I'm trying to demo a CCA program that uses a QCQP optimizer as opposed to using the spectral method typically used to solve the problem. I'm doing this to try and see if the two methods yield equivalent or at least similar solutions. I have run into problems with the QCQP however, as the the program depends on matrices which are not positive semidefinite. Mathematically, the program is to minimize

-w'Sw
s.t.
w'Xw - 1 < 0 w'Yw - 1 < 0 where the matrices S, X, Y are S = [ 0 X'Y
Y'X 0 ]

X = [ X'X 0
0 0 ]

and

Y = [ 0 0
0 Y'Y ]


and X'X, Y'Y, X'Y, Y'X are covariance matrices between data of different views.


S is symmetric, but it is not generally positive semidefinite (PSD) as its eigenvalues are not non-negative.

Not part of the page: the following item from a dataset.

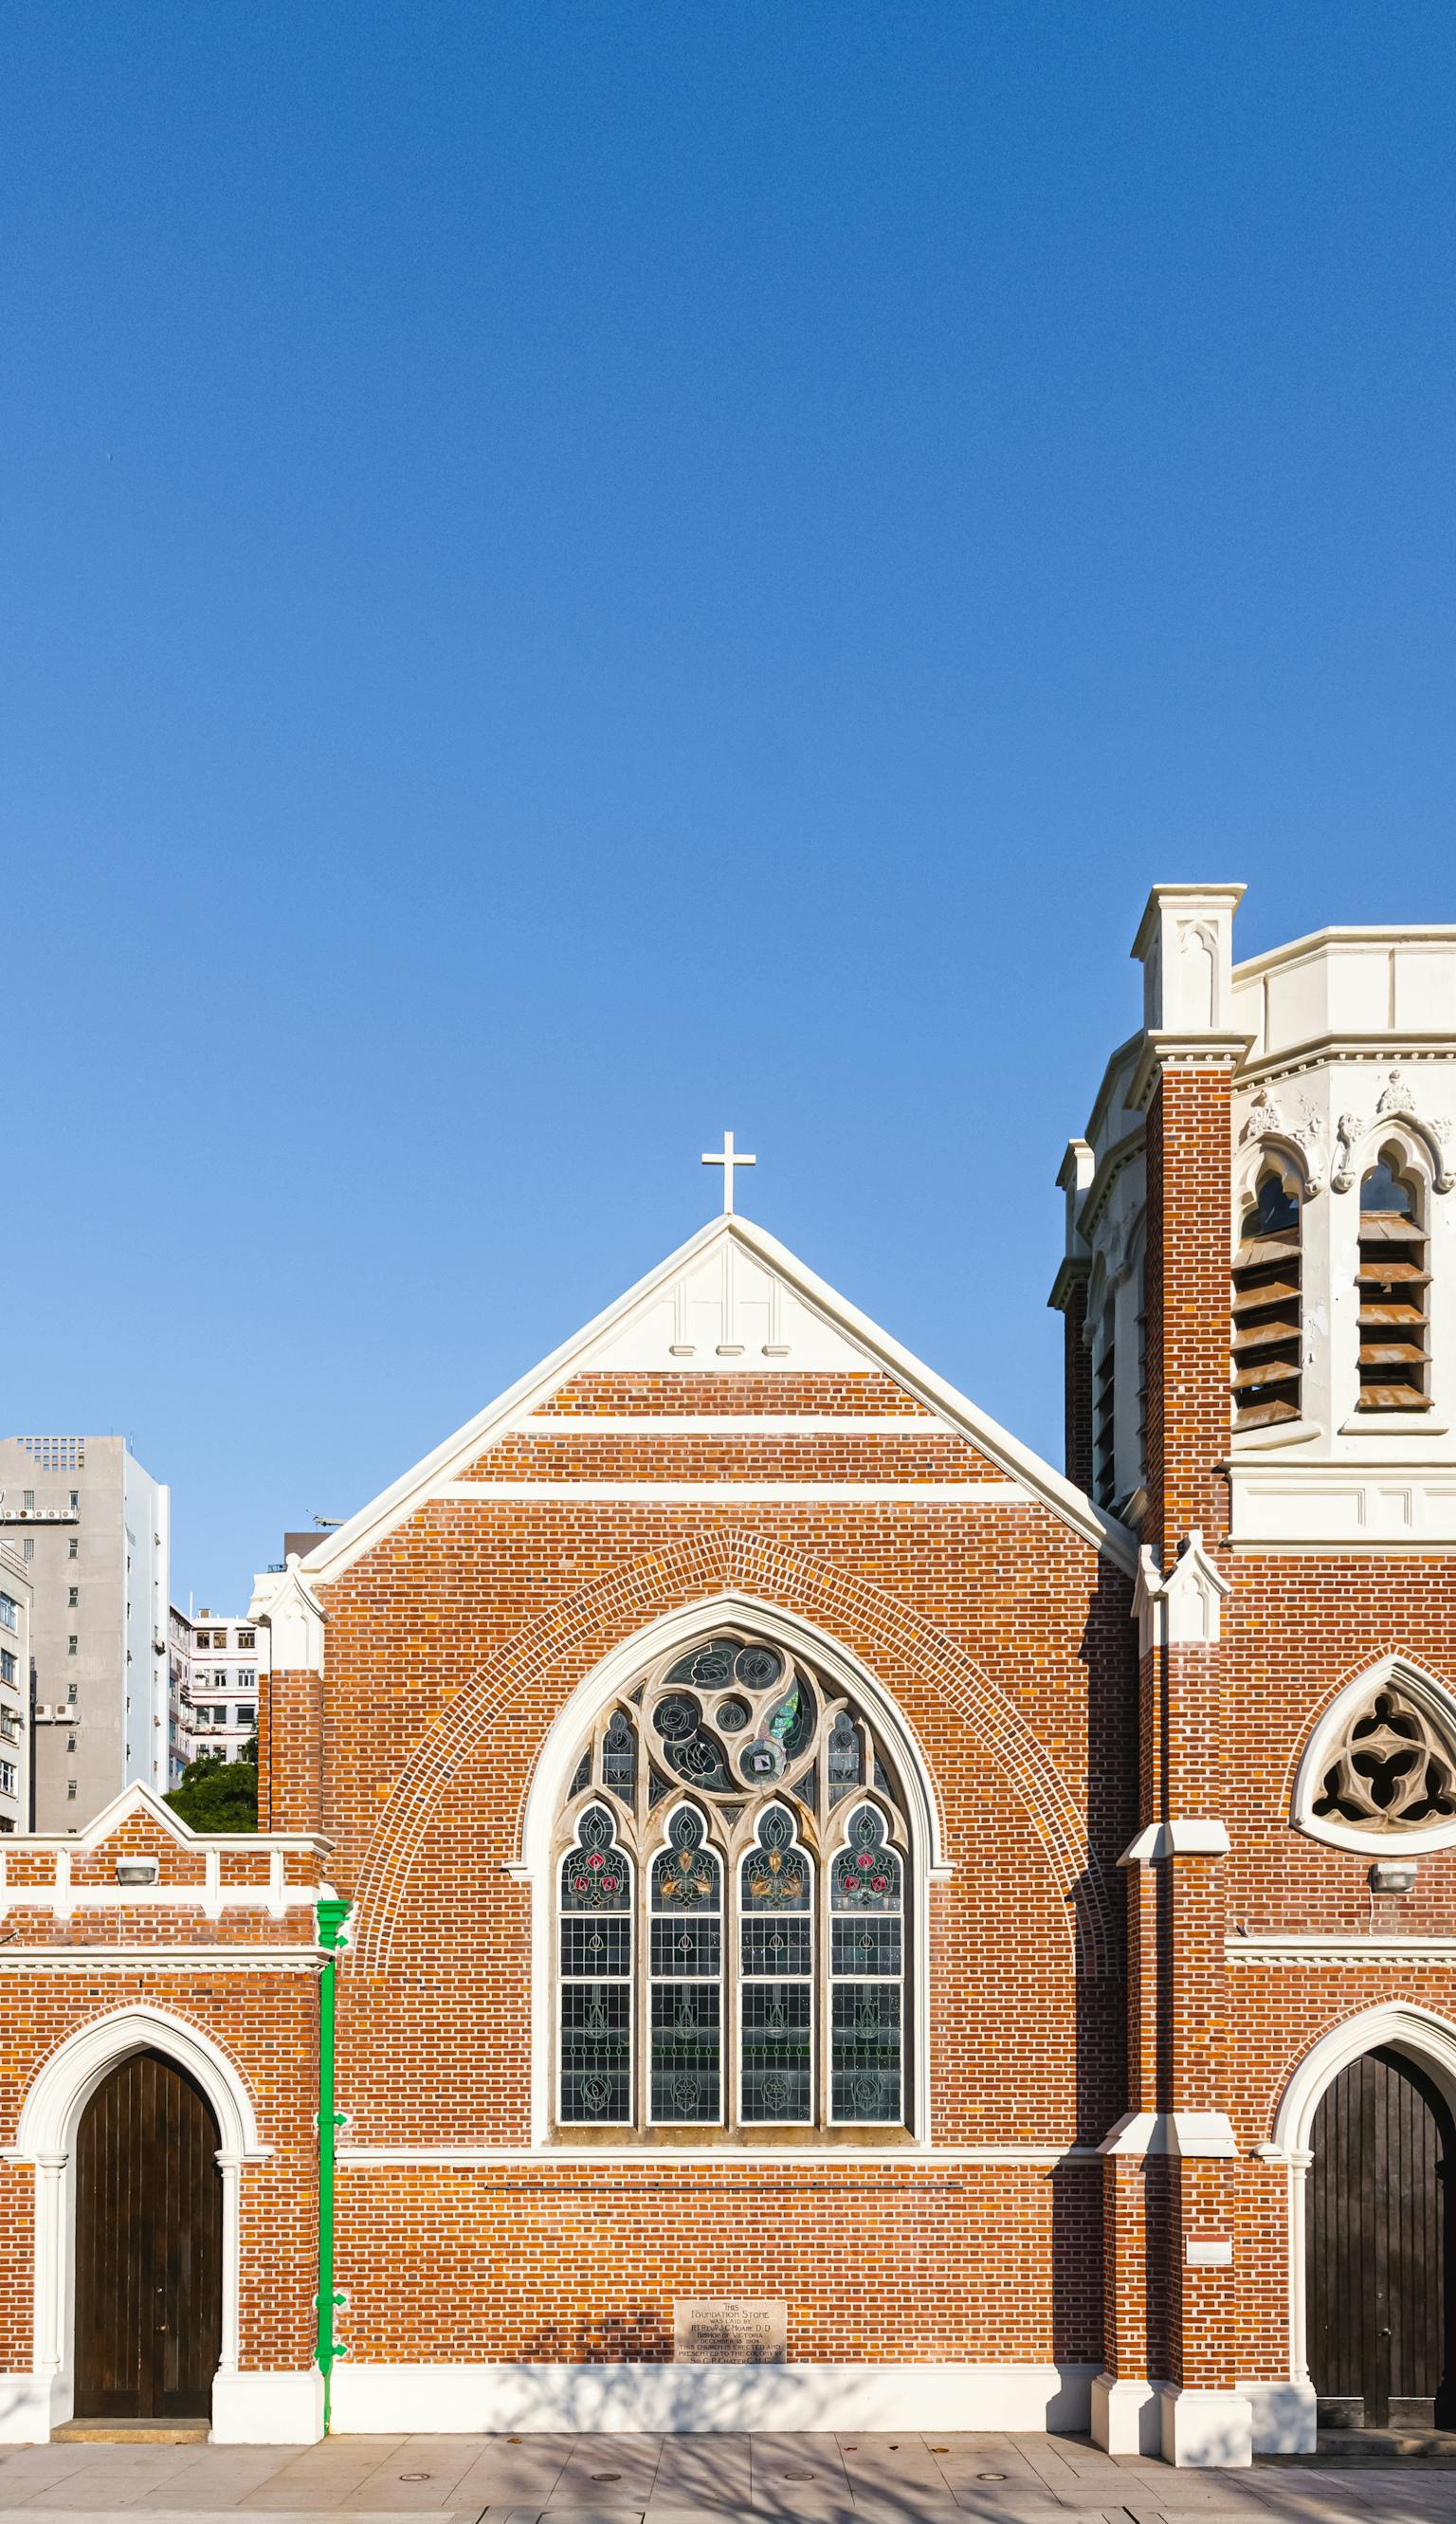 Exterior of St Andrew's Church, Kowloon, Hong Kong. Purcell provided funding assistance and a condition survey for the client.

In fact, the way S is set up, it always has both positive and negative eigenvalues. The problem with this is that is S is not PSD then the optimization problem is not convex, so the QCQP will not solve the problem.

I'm not exactly sure how to resolve this issue. There should be some way of couching the problem in such a manner that it becomes convex.

Thoughts:

  • The spectral method requires solving a generalized eigenvalue problem of the form Ax = cBx. This problem has 2d eigenvalues: corresponding positive and negative values. This is itself another optimization problem, the largest eigenvalue problem, which can be posed as an optimization problem itself. (I think the largest eigenvalue problem is an SDP though. )

  • Another option is to skip the QCQP and go directly to formulating an SDP problem.

  • I have a feeling that I could spend a lot of time on the QCQP, and if it is actually impossible to formulate the problem as such then I'd be wasting a lot of time. This seems like the type of issue that Gert or another grad student may have some valuable insight on.